Being overweight, including pre-obesity and obesity, is a major risk factor for various non-communicable diseases including diabetes, cardiovascular diseases and certain cancers. High consumption of calories-dense food and increasingly sedentary lifestyles have contributed to growing global obesity rates. The rate of growth has been highest in early adulthood and has affected all population groups, in particular women and those with lower levels of education (Afshin et al., 2017[1]). High body mass index (BMI) has been estimated to cause 4.7 million deaths worldwide (Global Burden of Disease Collaborative Network, 2018[2])

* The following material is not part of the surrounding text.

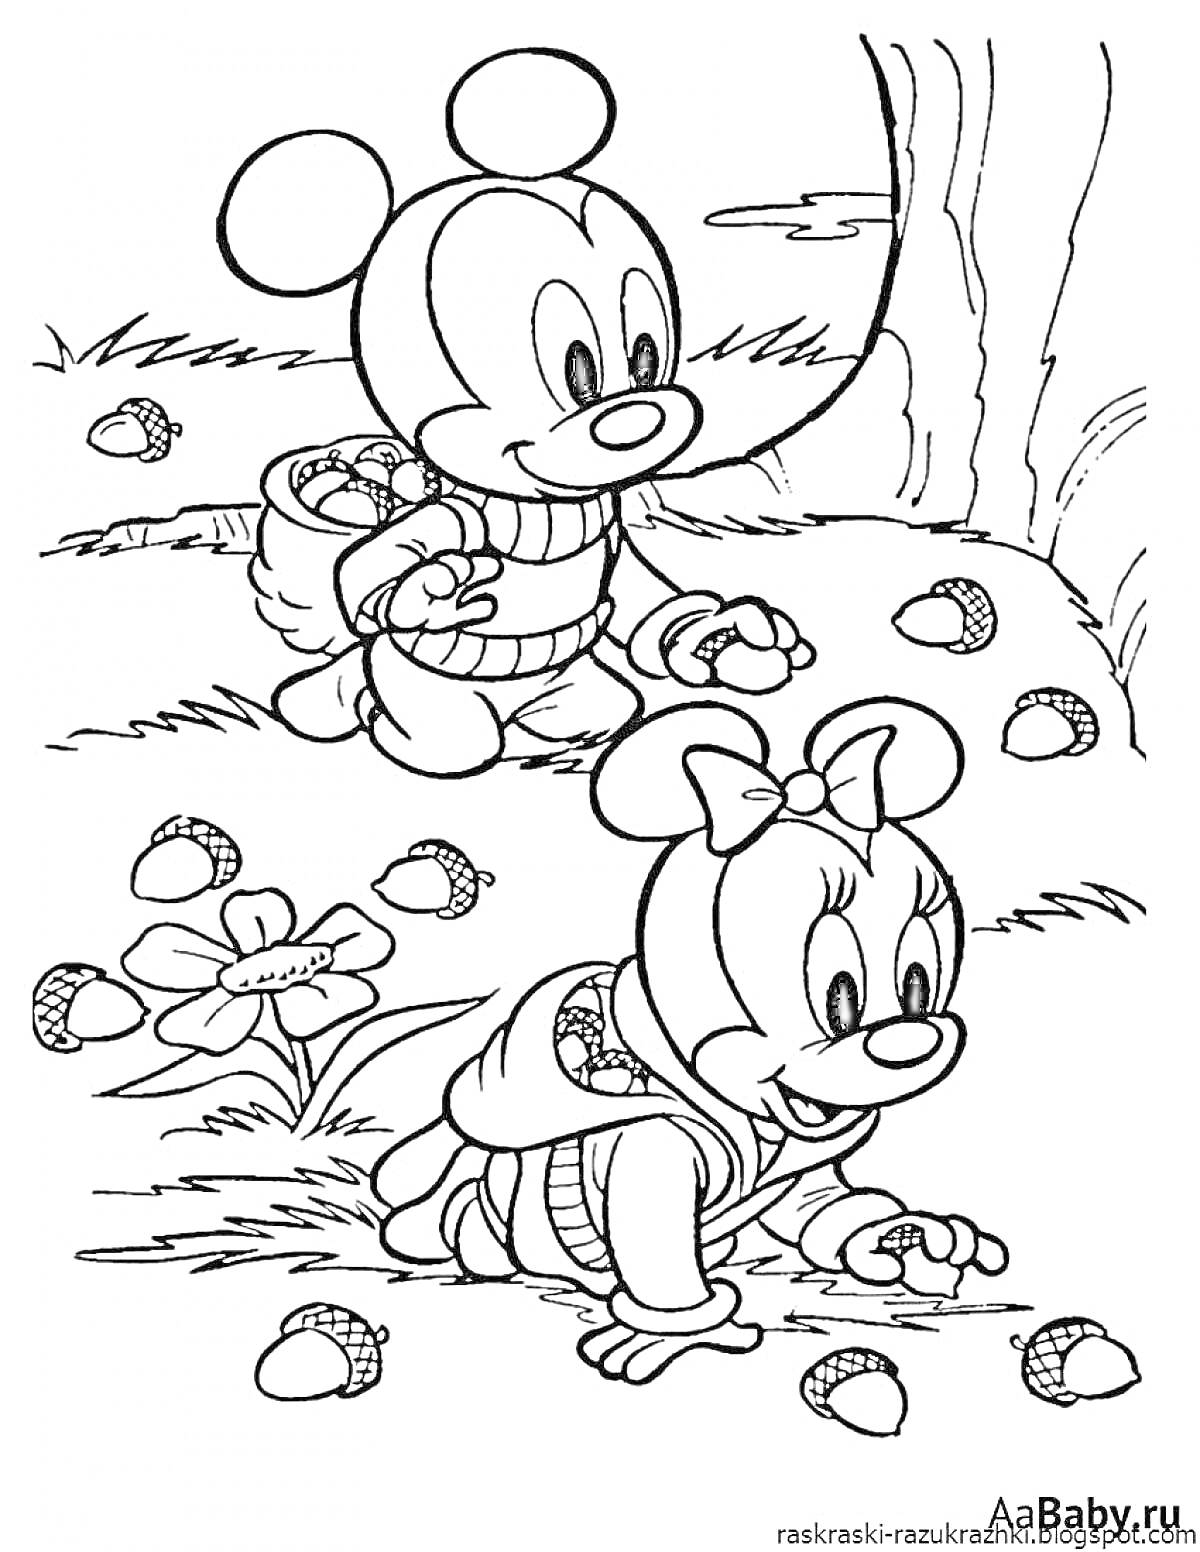 РаскраскаДва мышонка собирают шишки на лесной полянке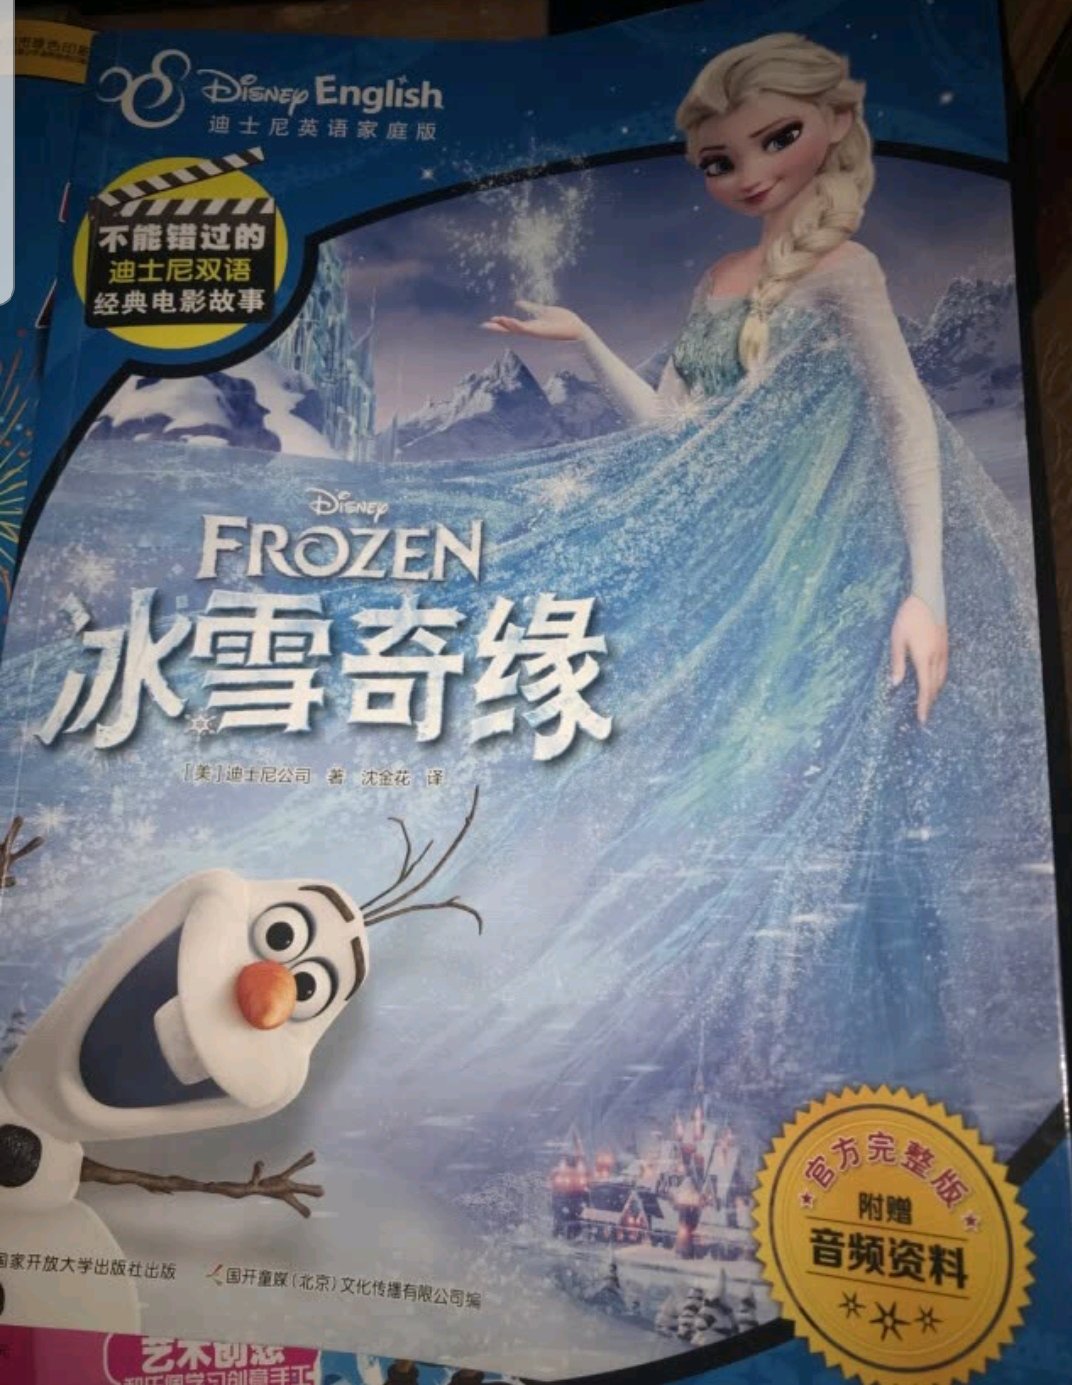 孩子特别喜欢冰雪奇缘这部电影，看了好几遍，书也很爱看

Based on measured data, 58% of adults were overweight or obese in 2017 on average across 23 OECD countries with comparable data (Figure 4.11). For Chile, Mexico and the United States this figure exceeds 70%. Conversely, in Japan and Korea, less than 35% of adults were overweight or obese. The remaining 13 OECD countries include self-reported data, with rates ranging from 42% in Switzerland to 65% in Iceland. These estimates, though, are less reliable and typically lower than those based on measured data. For both measured and self-reported data, men are more likely than women to be overweight.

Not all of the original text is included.